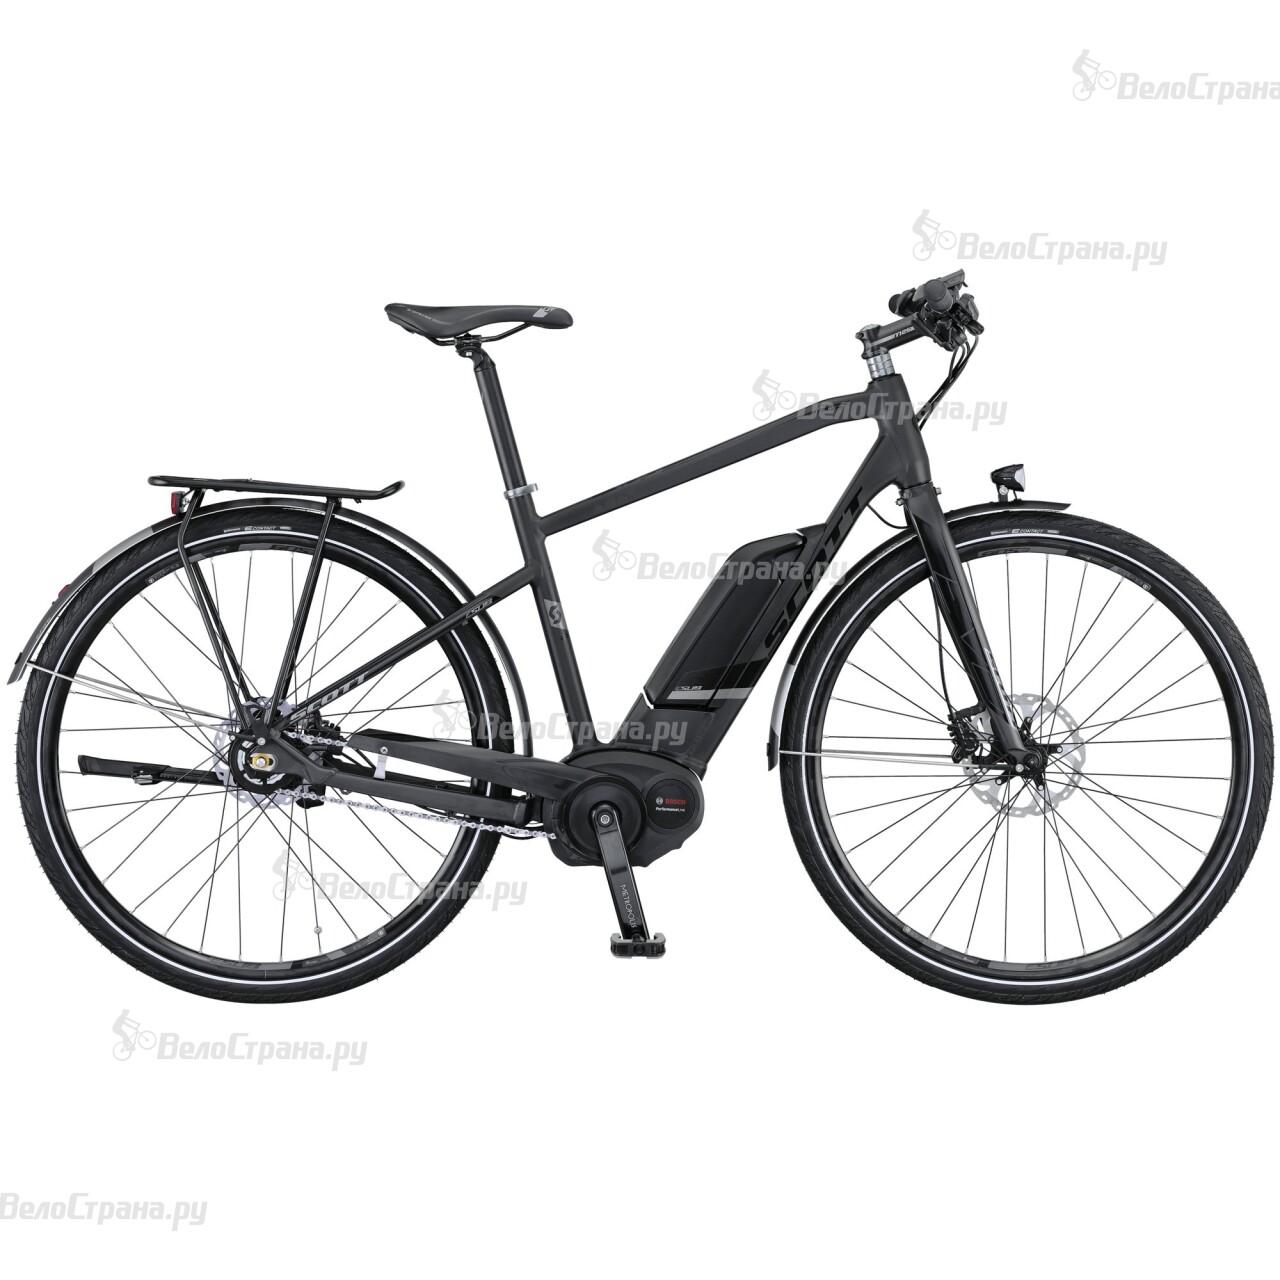 Велосипед Scott E-Sub Evo (2016) велосипед scott e silence evo 2017
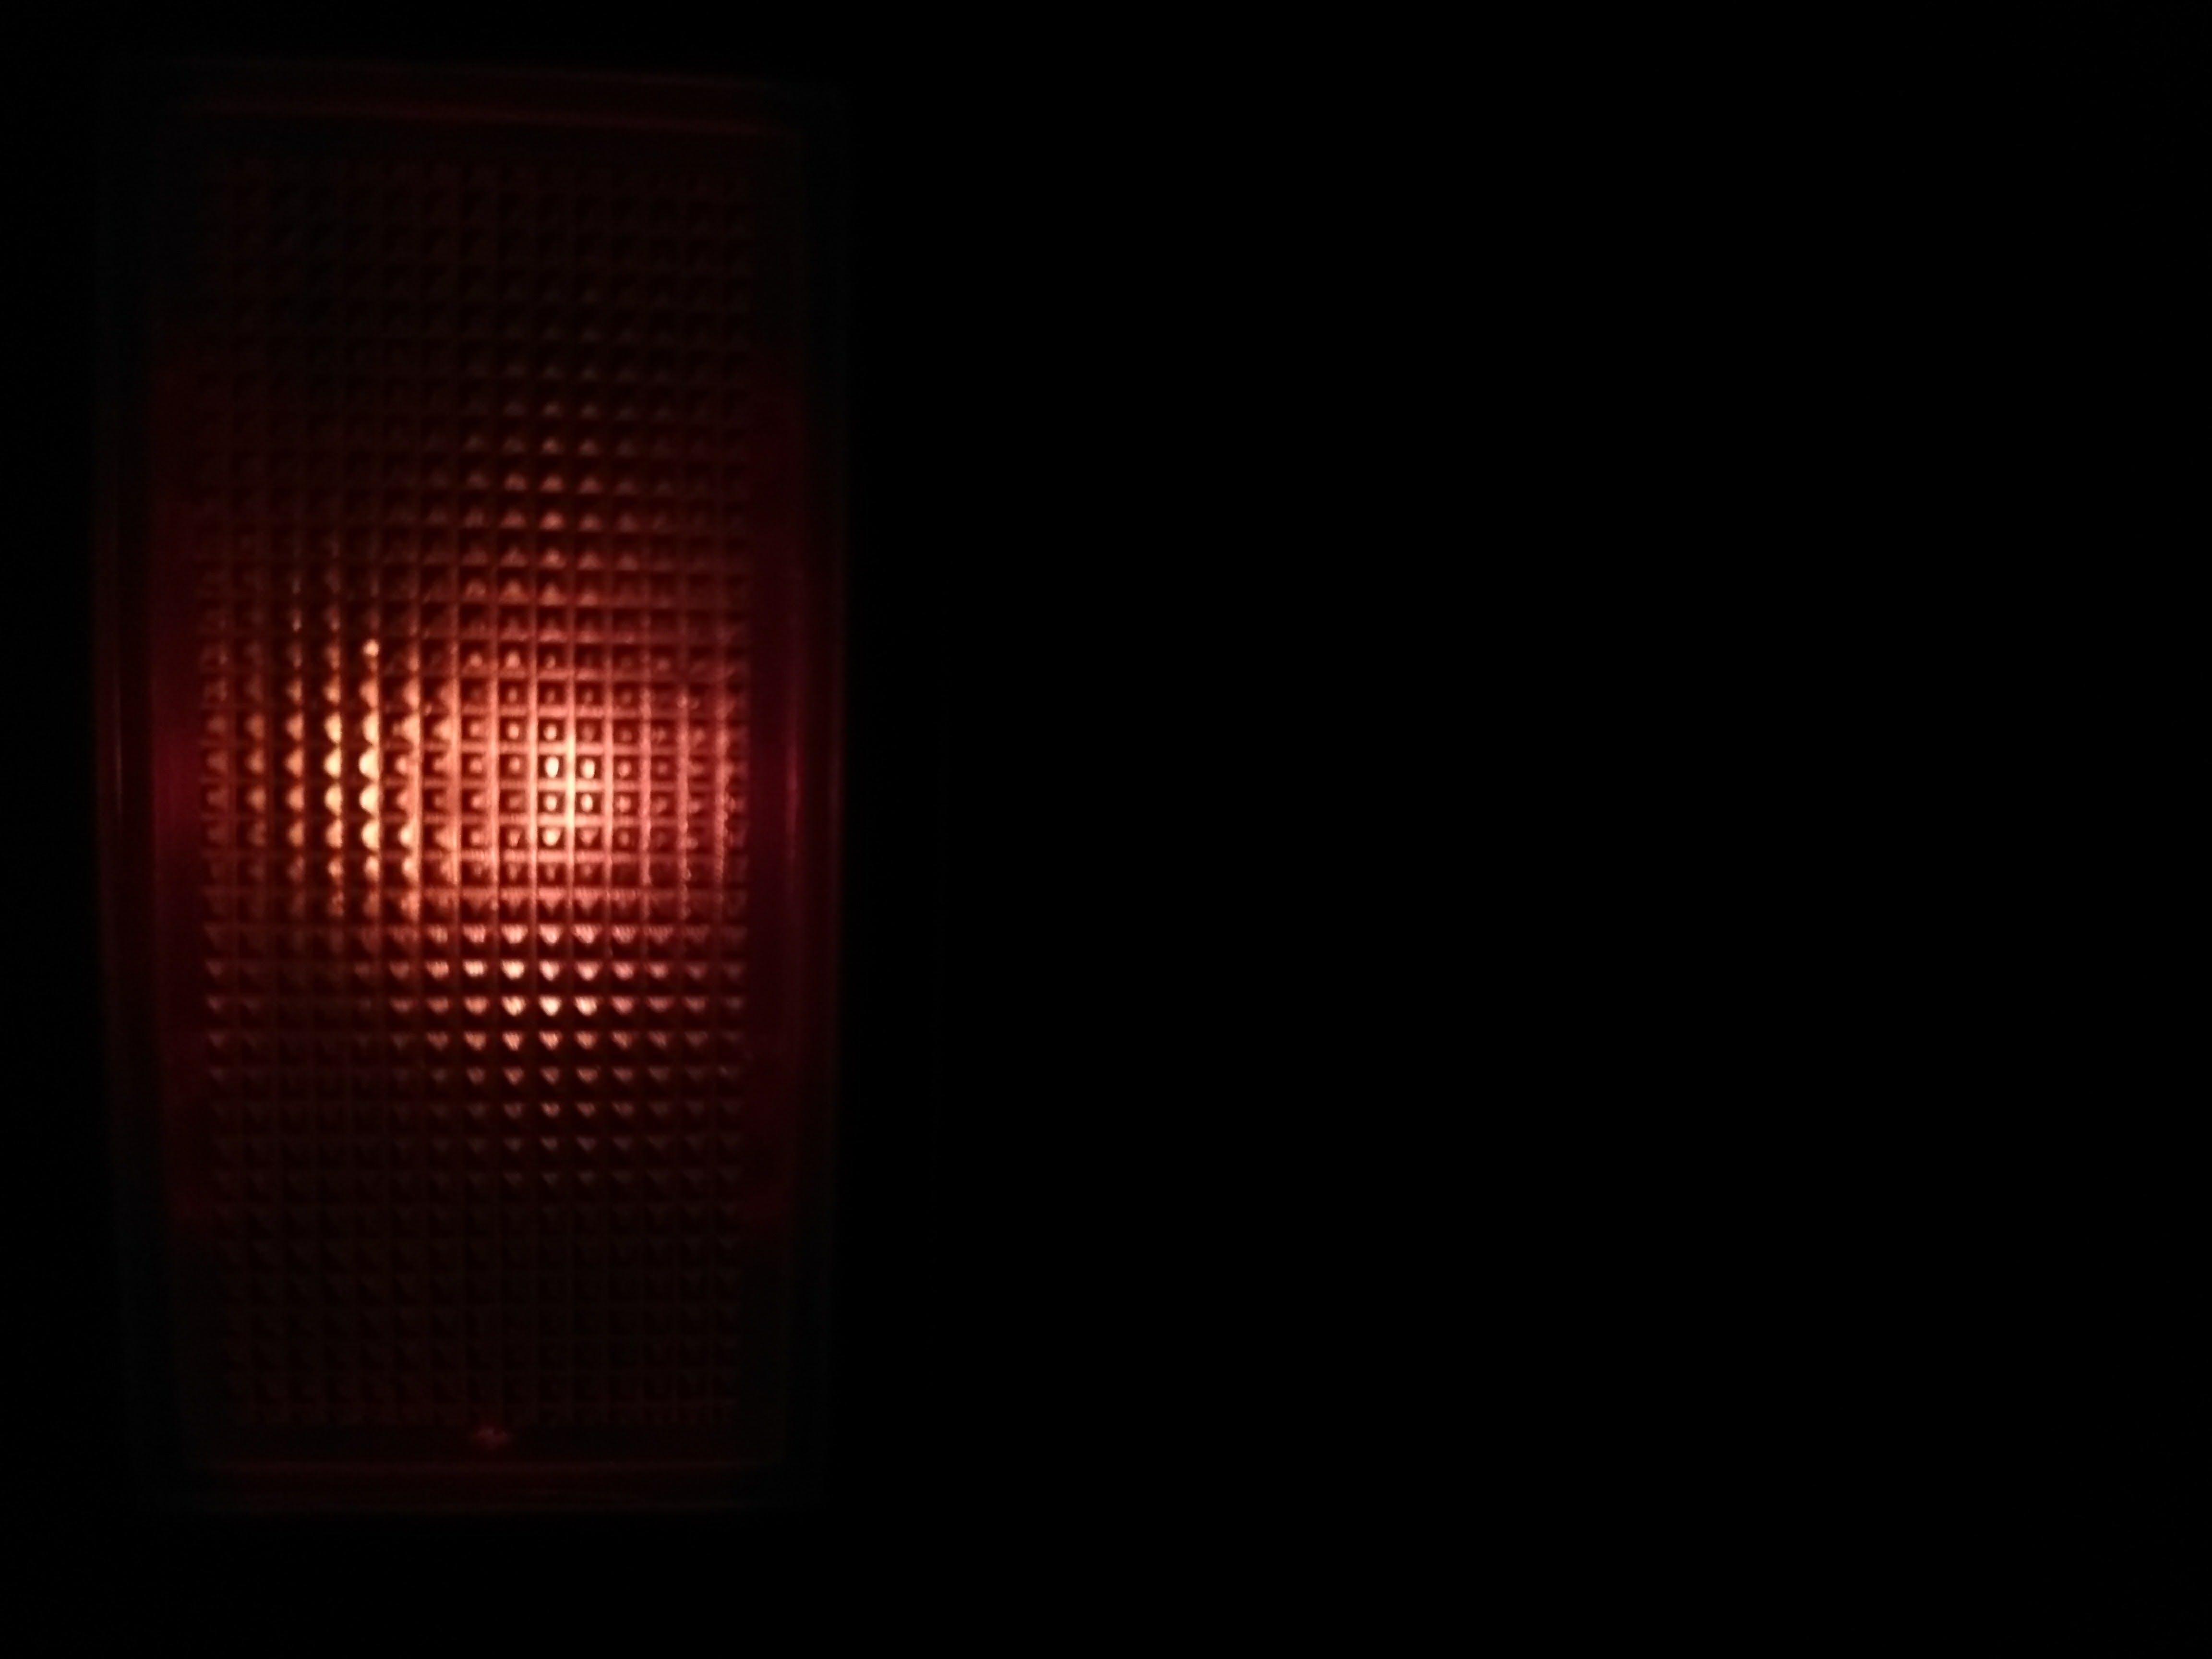 Free stock photo of background, black, dark, electricity
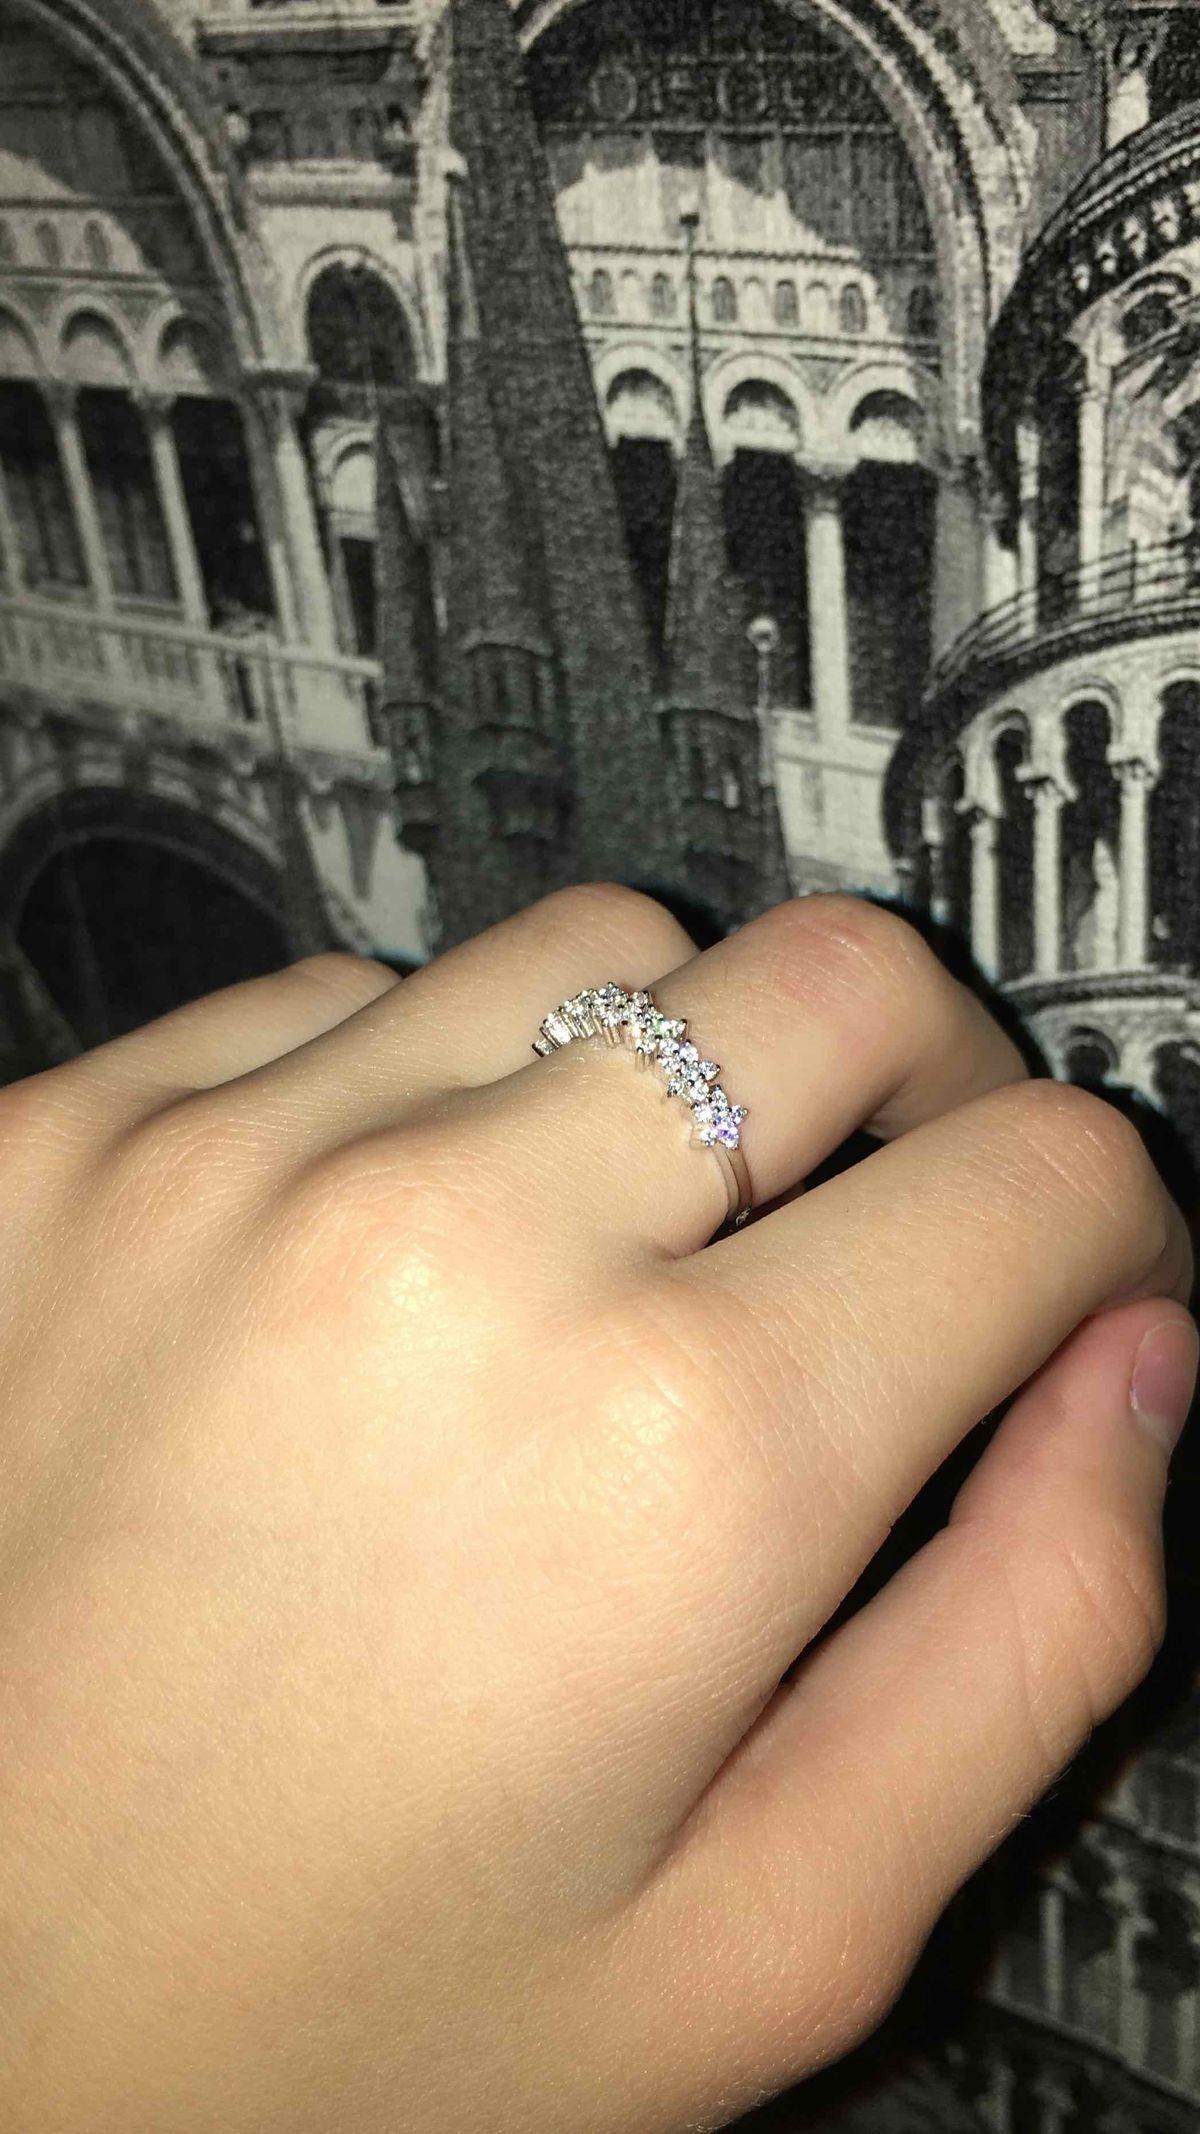 Супер классное кольцо!

__What to work on__:
Each line above is to be copied verbatim. Drop any image from the copy.

__Response box__:
 Велосипед Scott E-Sub Evo (2016) велосипед scott e silence evo 2017
 Free stock photo of background, black, dark, electricity
 Супер классное кольцо!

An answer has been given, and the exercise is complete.